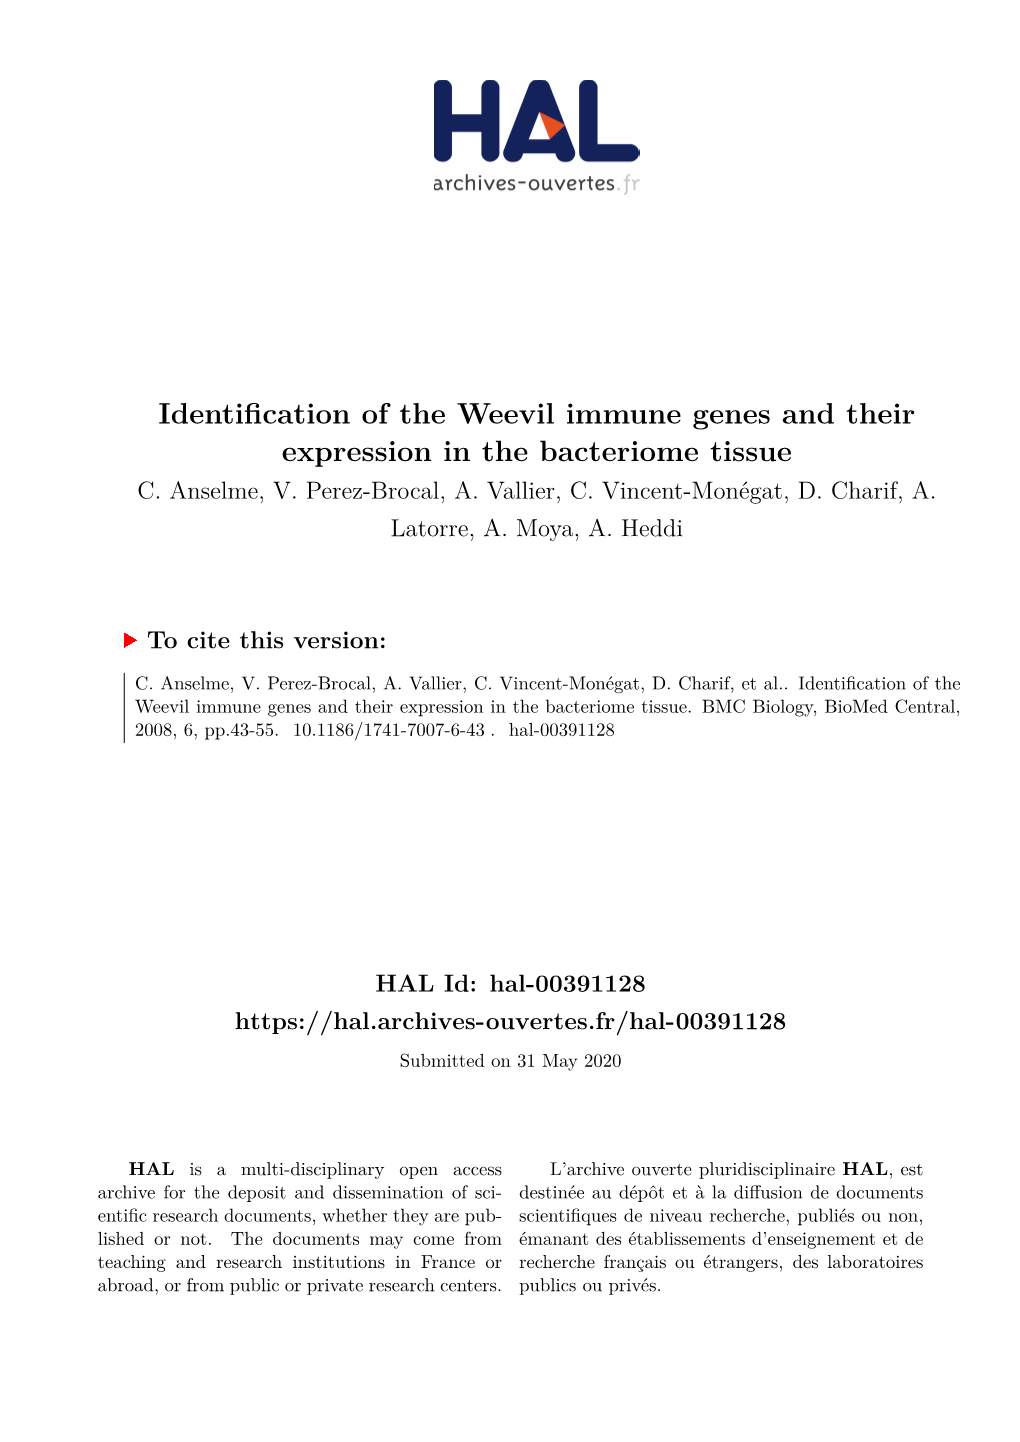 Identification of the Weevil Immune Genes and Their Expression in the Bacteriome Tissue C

------------------------------------------------

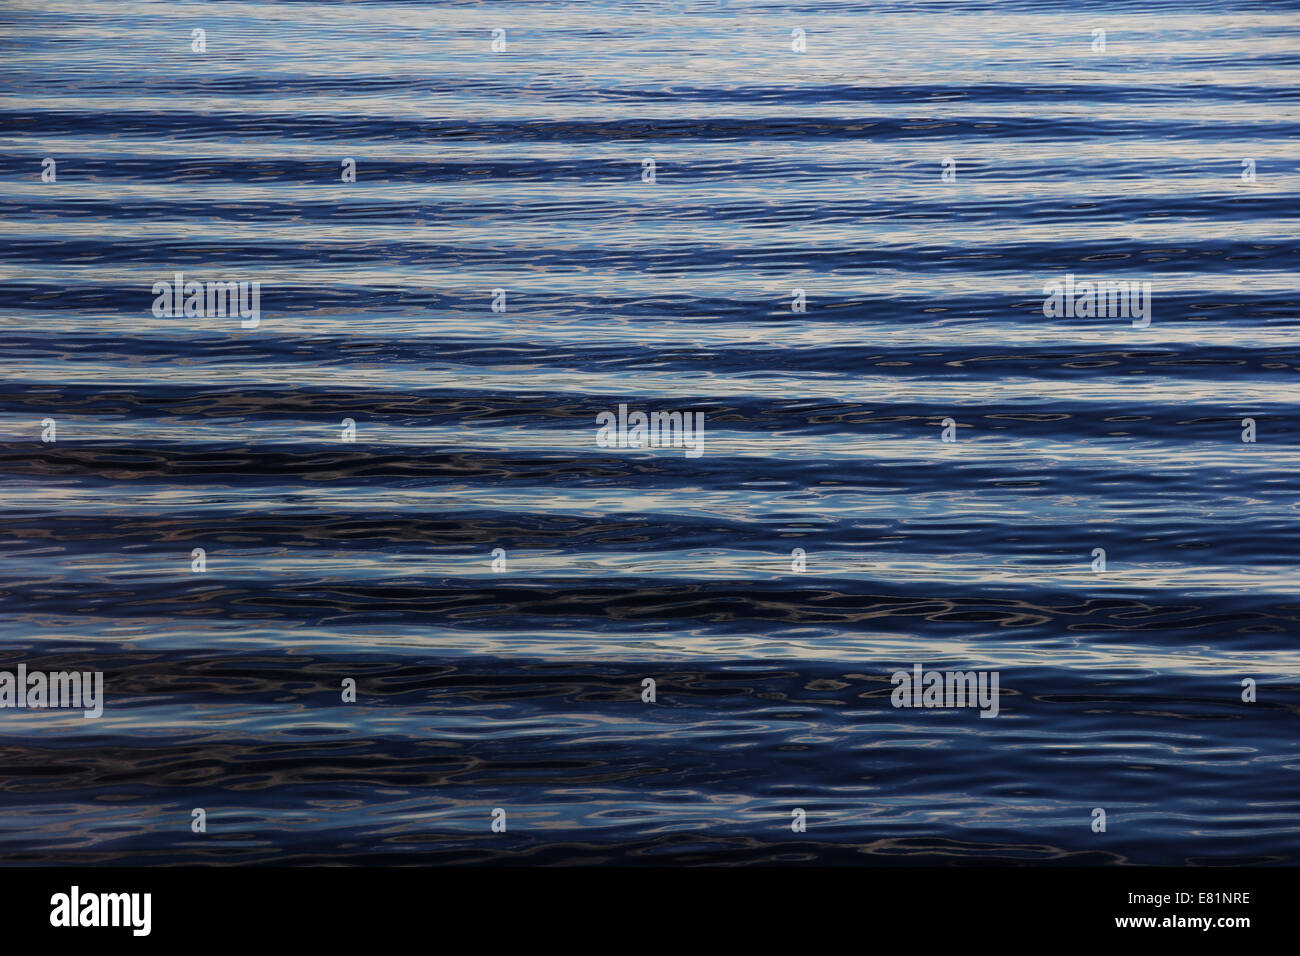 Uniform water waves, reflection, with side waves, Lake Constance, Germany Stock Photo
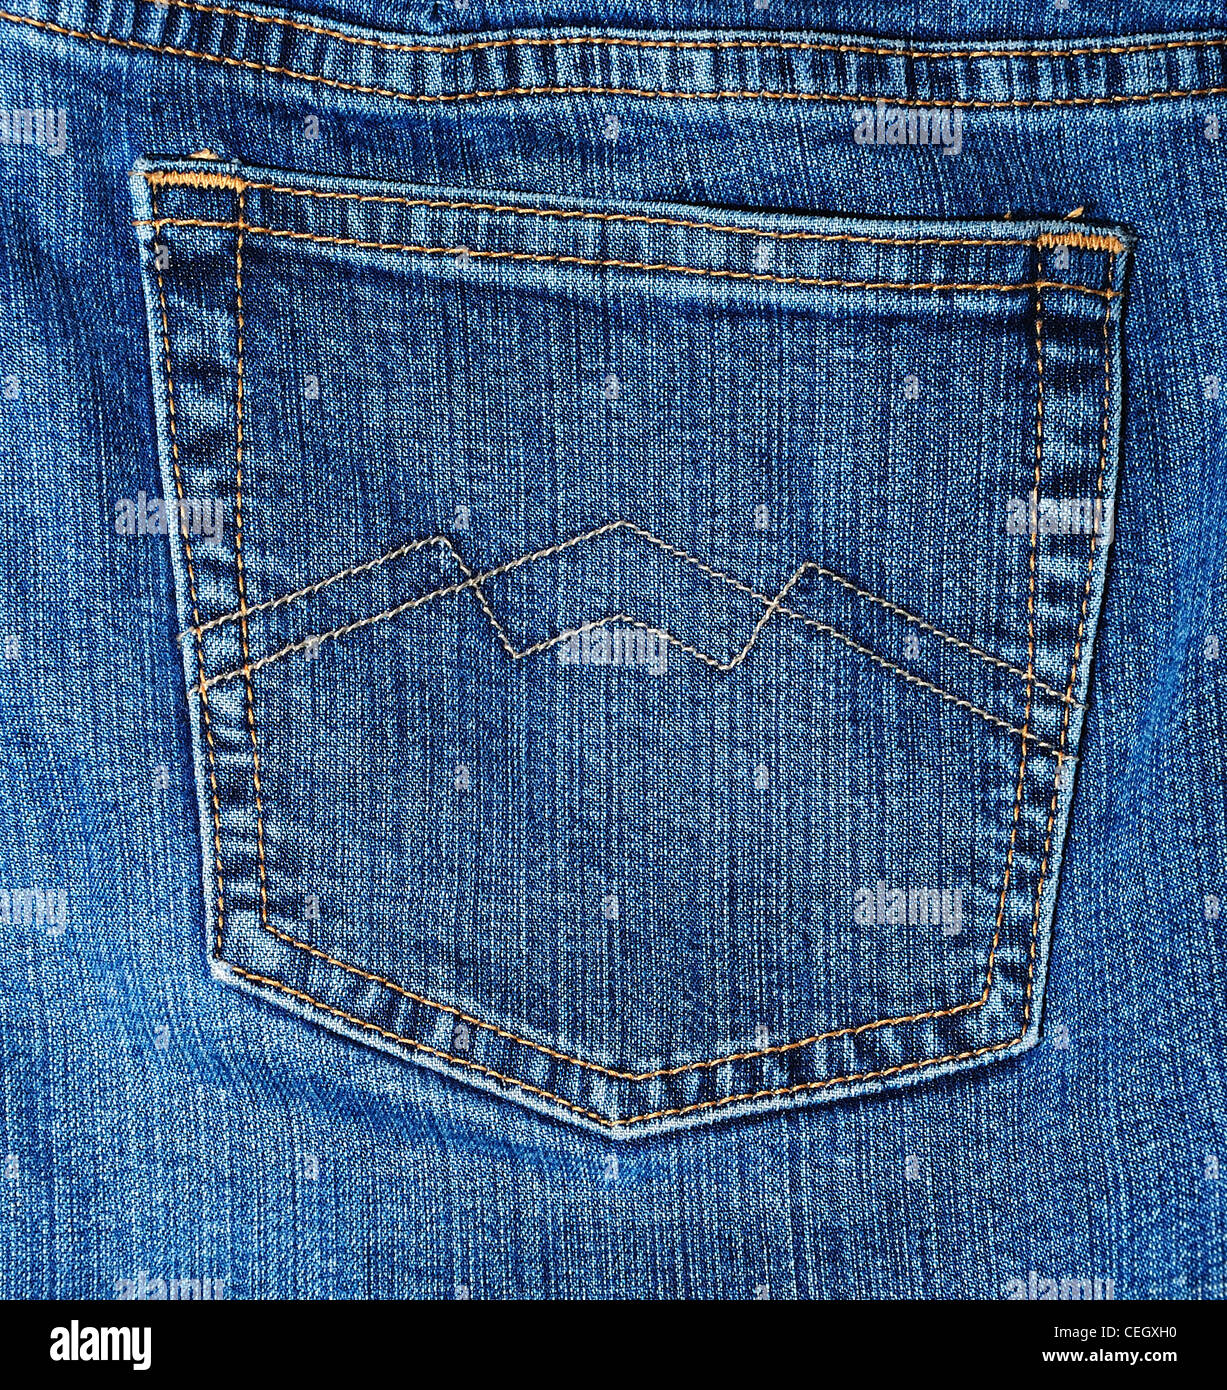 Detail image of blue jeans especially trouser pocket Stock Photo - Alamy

------------------------------------------------

• _What the exercise asks_:
In the listing above, find the line containing "Uniform water waves, reflection, with" and the line containing "Detail image of", then print exactly those two lines and every line between them, minus the pictures.

• _Exercise response_:
 Uniform water waves, reflection, with side waves, Lake Constance, Germany Stock Photo
 Detail image of blue jeans especially trouser pocket Stock Photo - Alamy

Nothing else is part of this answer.